В середине июля Рене и Жюльетта расстались: он поехал на воды в Котере, в Пиренеях, где намеревался встретиться с одной из своих почитательниц, с которой переписывался уже некоторое время, — Леонтиной де Вильнёв. Эта «окситанка», разочаровавшая его при встрече, все же подала ему идею романа, к которому он сделал наброски, но так и не написал. Что важнее, он узнал о падении правительства Мартиньяка и его замене Полиньяком, бесталанным «крайним», которого считали незаконным сыном короля… Рене ухватится за этот повод подать в отставку с поста посла в Риме.

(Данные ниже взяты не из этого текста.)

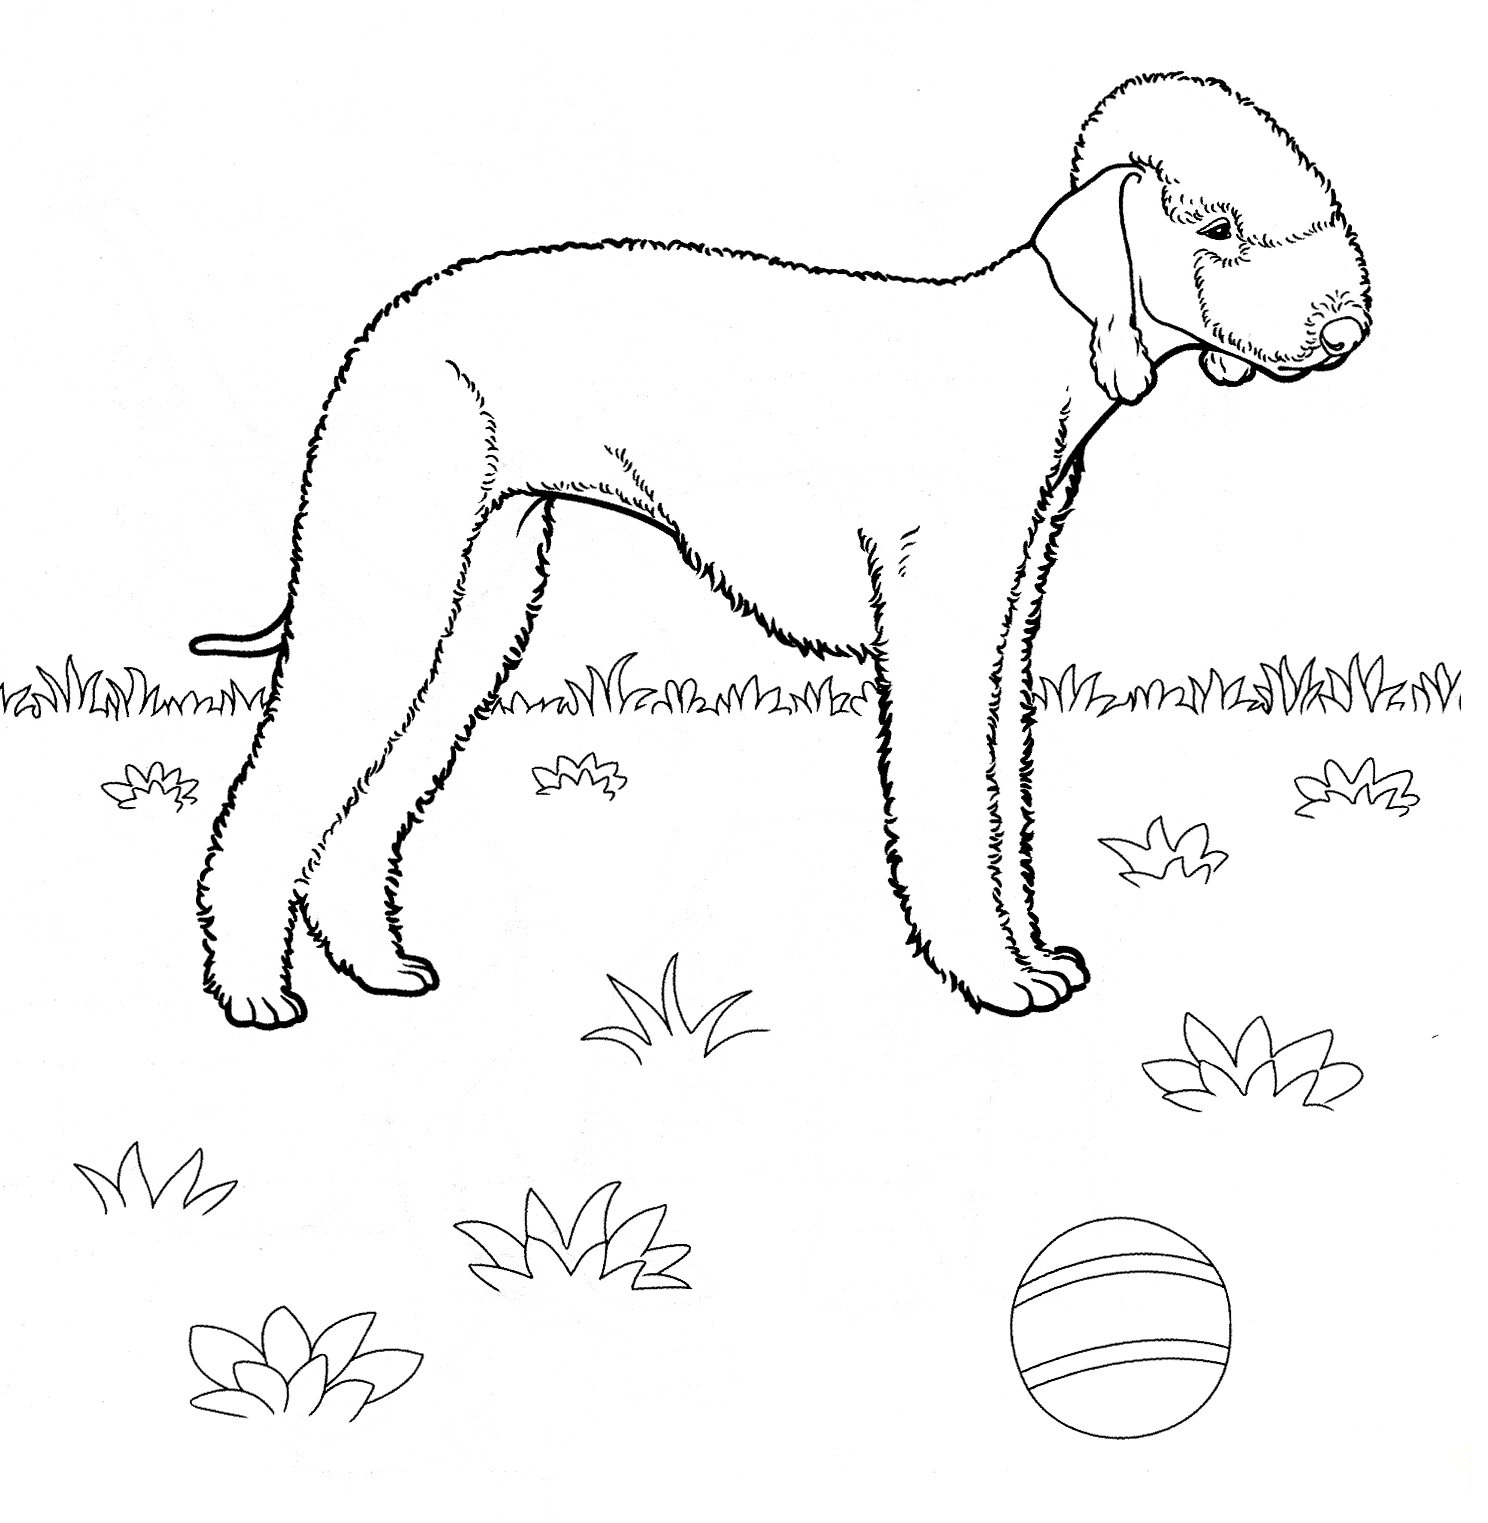 Bedlington Terrier de Cães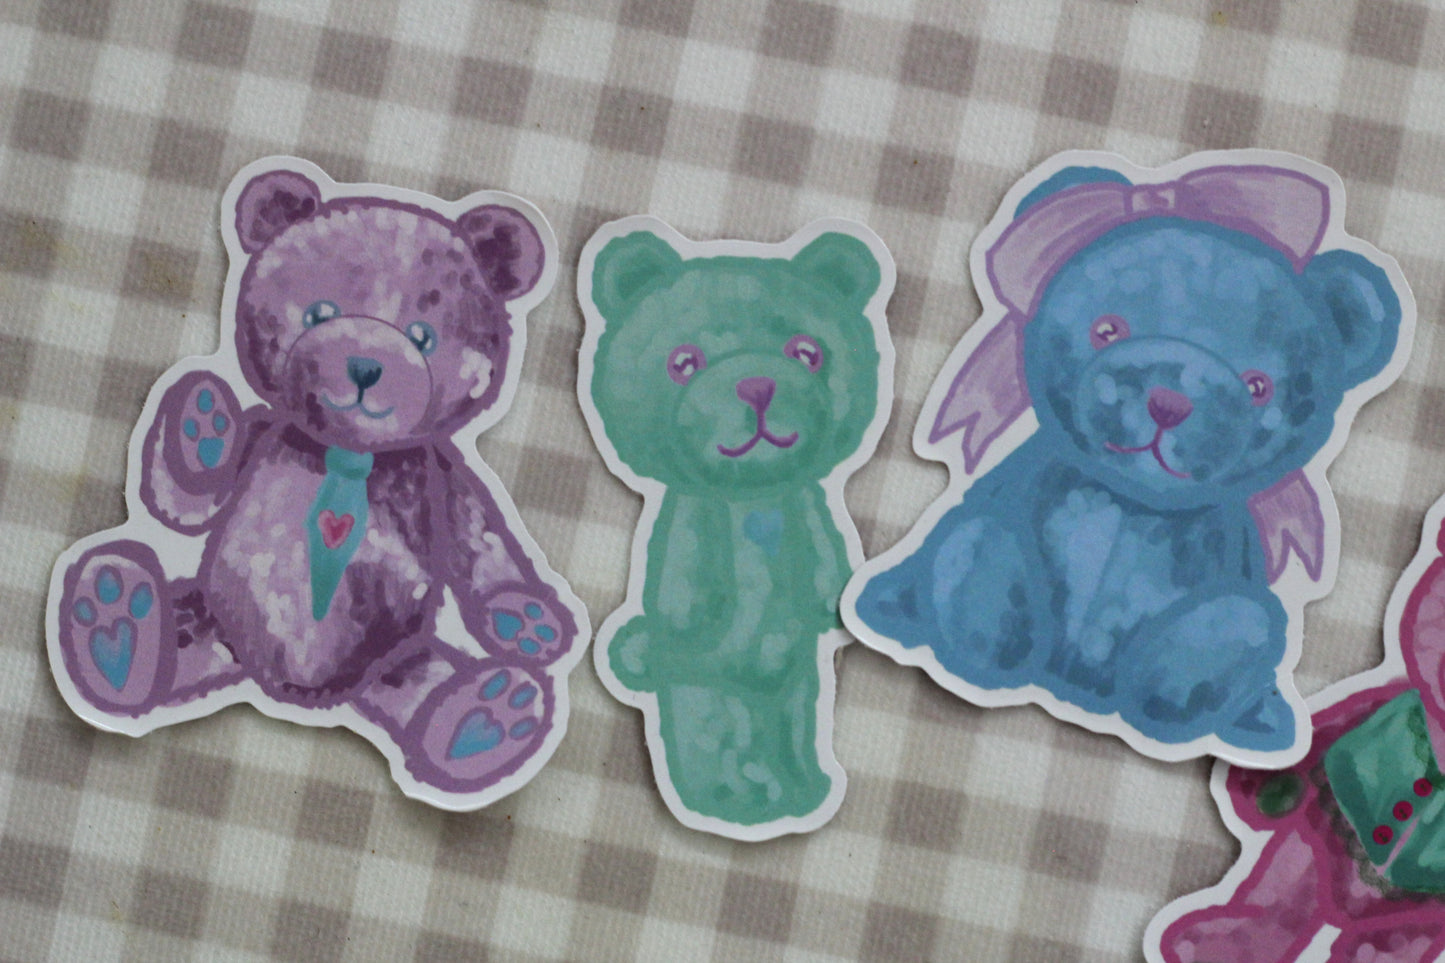 Pastel Teddy Bears, Waterproof Sticker Pack

В это время Жюльетта жила в Дьепе, в компании Балланша. Она писала Амперу, который отправился в Гиер к больному отцу, что «ложится в девять часов, встает в шесть, принимает морские ванны, которые должны совершенно ее преобразить, читает, гуляет по берегу моря, думает и мечтает о своих друзьях, по утрам делает несколько визитов и проводит вечера с г-ном Балланшем…». К несчастью, мирное течение жизни было нарушено приездом дофины и герцогини Беррийской: празднества, балы, иллюминация раздражали ее. Это чувствуется из писем герцога де Дудовиля, который, по обыкновению, ей сочувствовал: «Все эти нынешние волнения, распри, переживания ранят Вашу чувствительную душу, Ваш мудрый ум, Вашу бескорыстную любовь к добру; все эти отставки проходят не так спокойно, как моя…» Ибо, конечно, Жюльетта снова задавалась вопросом, что уготовит судьба Рене…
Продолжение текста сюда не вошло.